First, start the scrapy shell.

$ scrapy shell
2017-03-16 10:44:42 [scrapy] INFO: Scrapy 1.1.1 started (bot: scrapybot)
2017-03-16 10:44:42 [scrapy] INFO: Overridden settings: {'DUPEFILTER_CLASS': 'scrapy.dupefilters.BaseDupeFilter', 'LOGSTATS_INTERVAL': 0}
2017-03-16 10:44:42 [scrapy] INFO: Enabled extensions:
['scrapy.extensions.corestats.CoreStats',
 'scrapy.extensions.telnet.TelnetConsole']

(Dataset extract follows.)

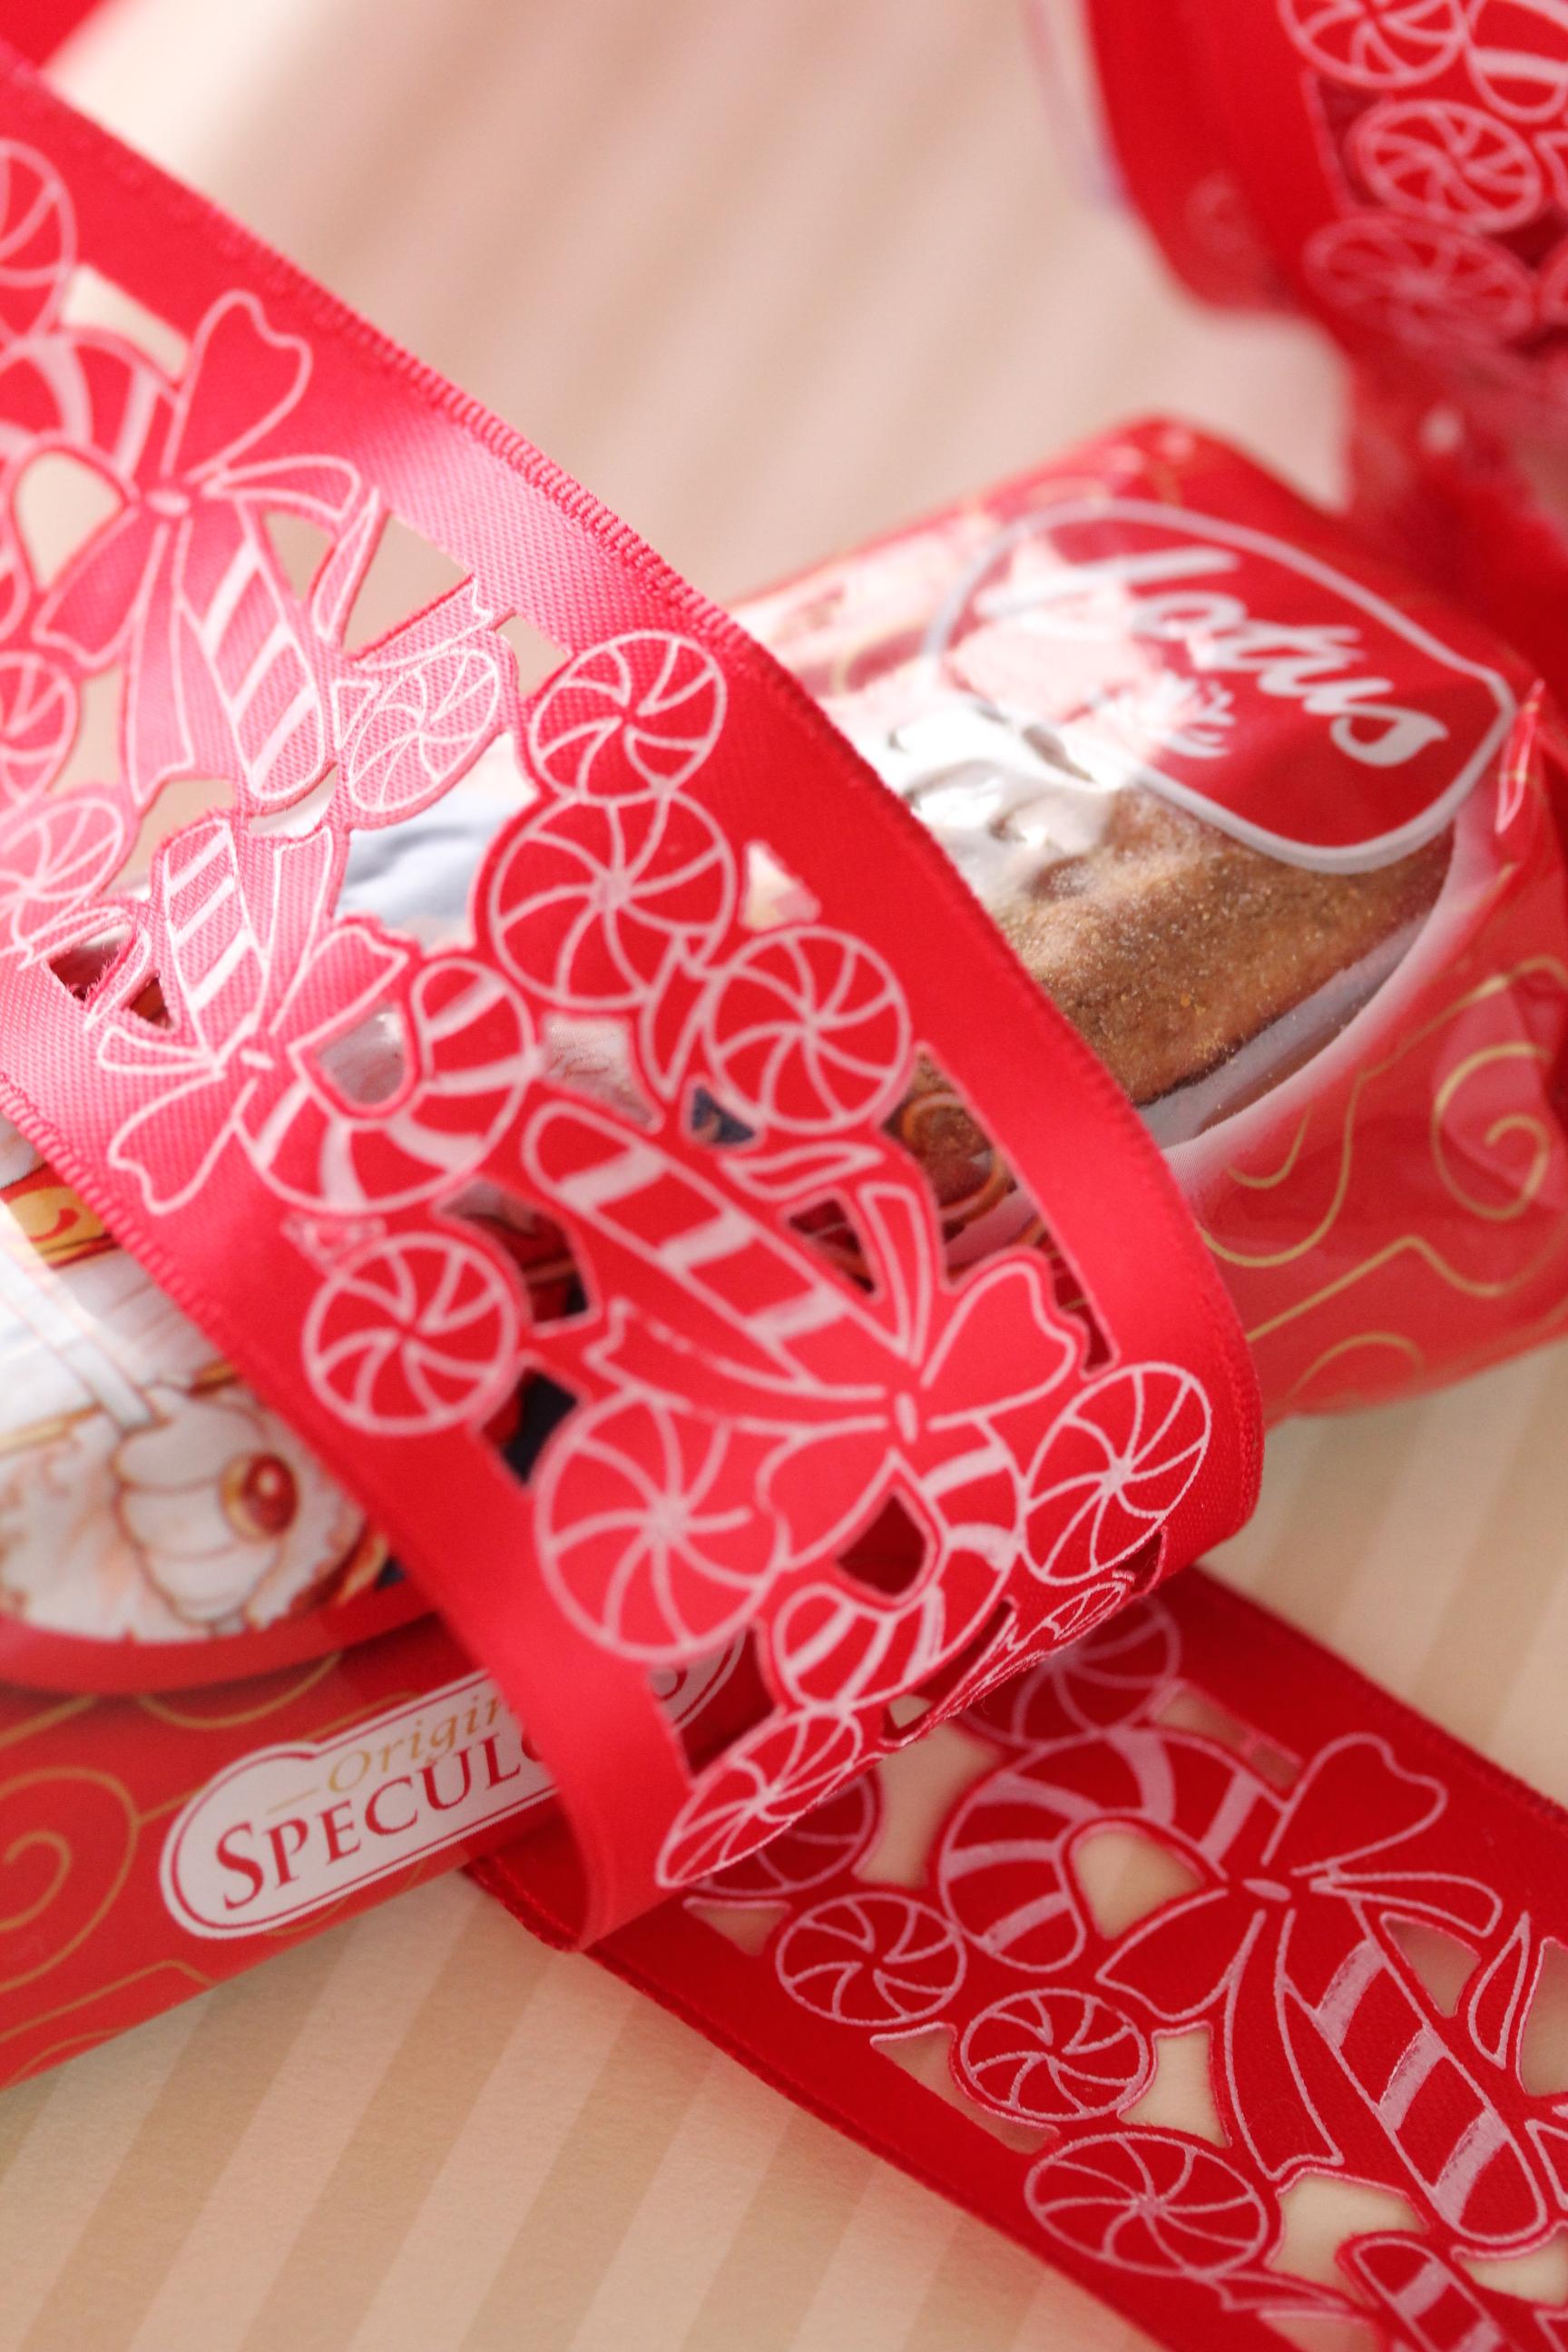 ドイツ・スペシャルリボン・Cut ribbon キャンディ 38ミリ幅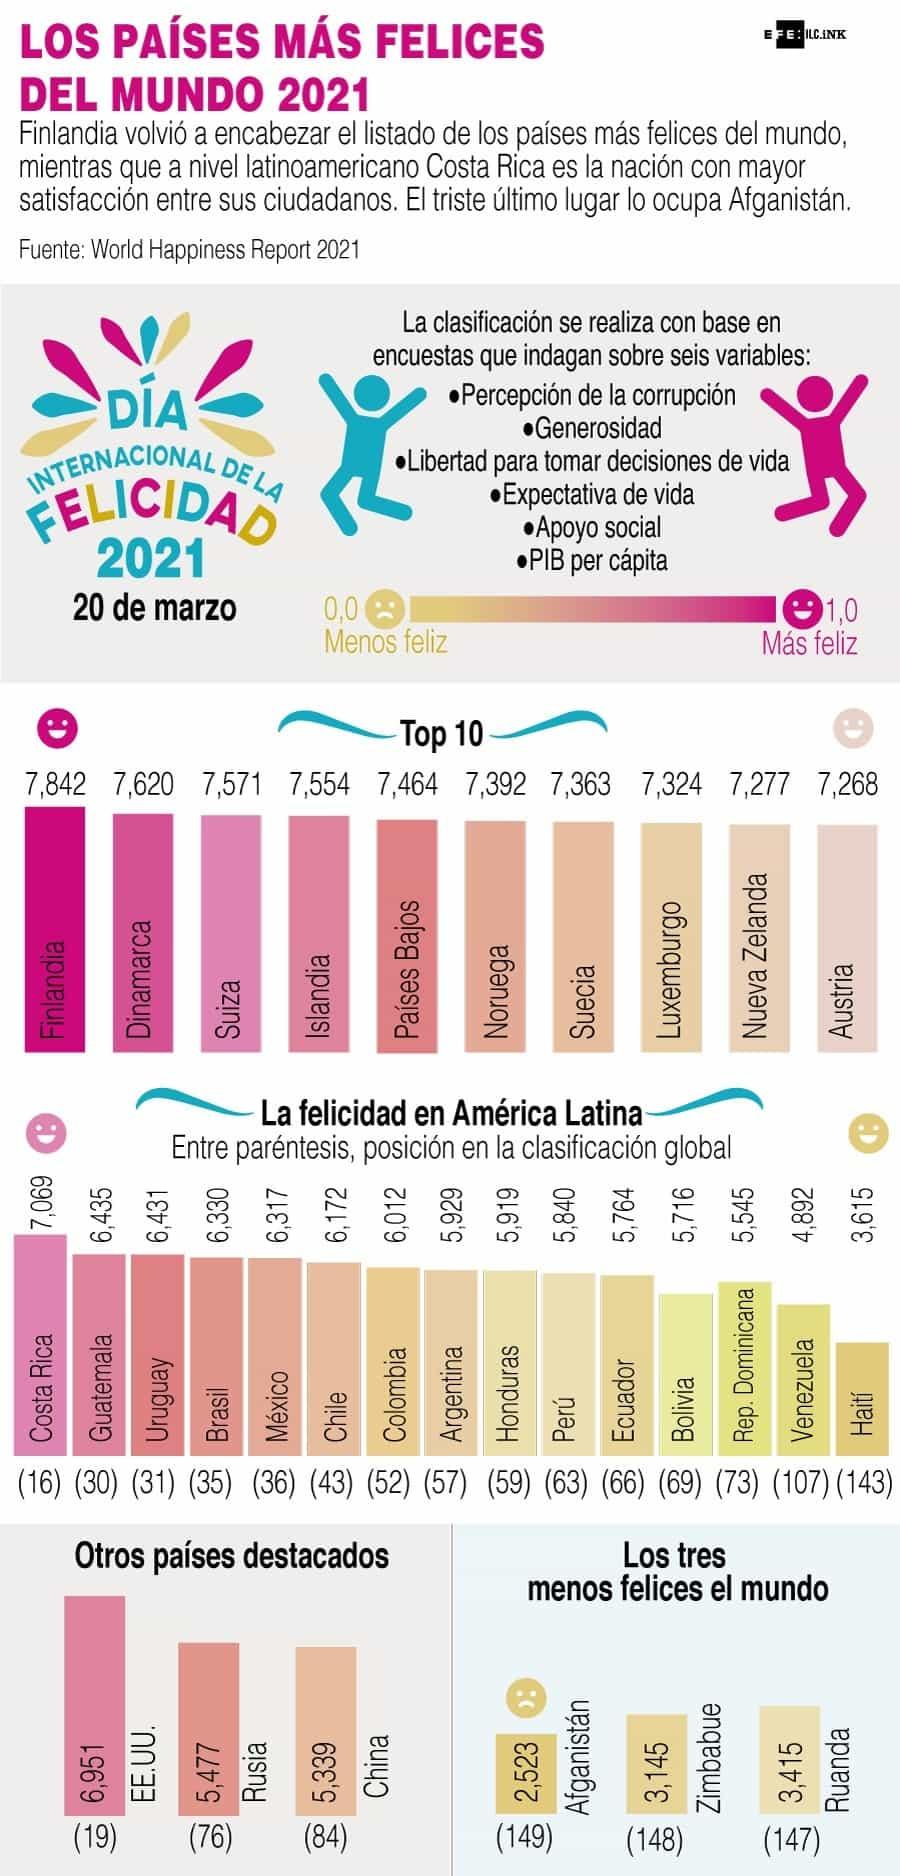 [Infografía] - Día de la felicidad - Los países más felices del mundo 2021 1

2017-03-16 10:44:42 [scrapy] INFO: Enabled downloader middlewares:
['scrapy.downloadermiddlewares.httpauth.HttpAuthMiddleware',
 'scrapy.downloadermiddlewares.downloadtimeout.DownloadTimeoutMiddleware',
 'scrapy.downloadermiddlewares.useragent.UserAgentMiddleware',
 'scrapy.downloadermiddlewares.retry.RetryMiddleware',
 'scrapy.downloadermiddlewares.defaultheaders.DefaultHeadersMiddleware',
 'scrapy.downloadermiddlewares.redirect.MetaRefreshMiddleware',
 'scrapy.downloadermiddlewares.httpcompression.HttpCompressionMiddleware',
 'scrapy.downloadermiddlewares.redirect.RedirectMiddleware',
 'scrapy.downloadermiddlewares.cookies.CookiesMiddleware',
 'scrapy.downloadermiddlewares.chunked.ChunkedTransferMiddleware',
 'scrapy.downloadermiddlewares.stats.DownloaderStats']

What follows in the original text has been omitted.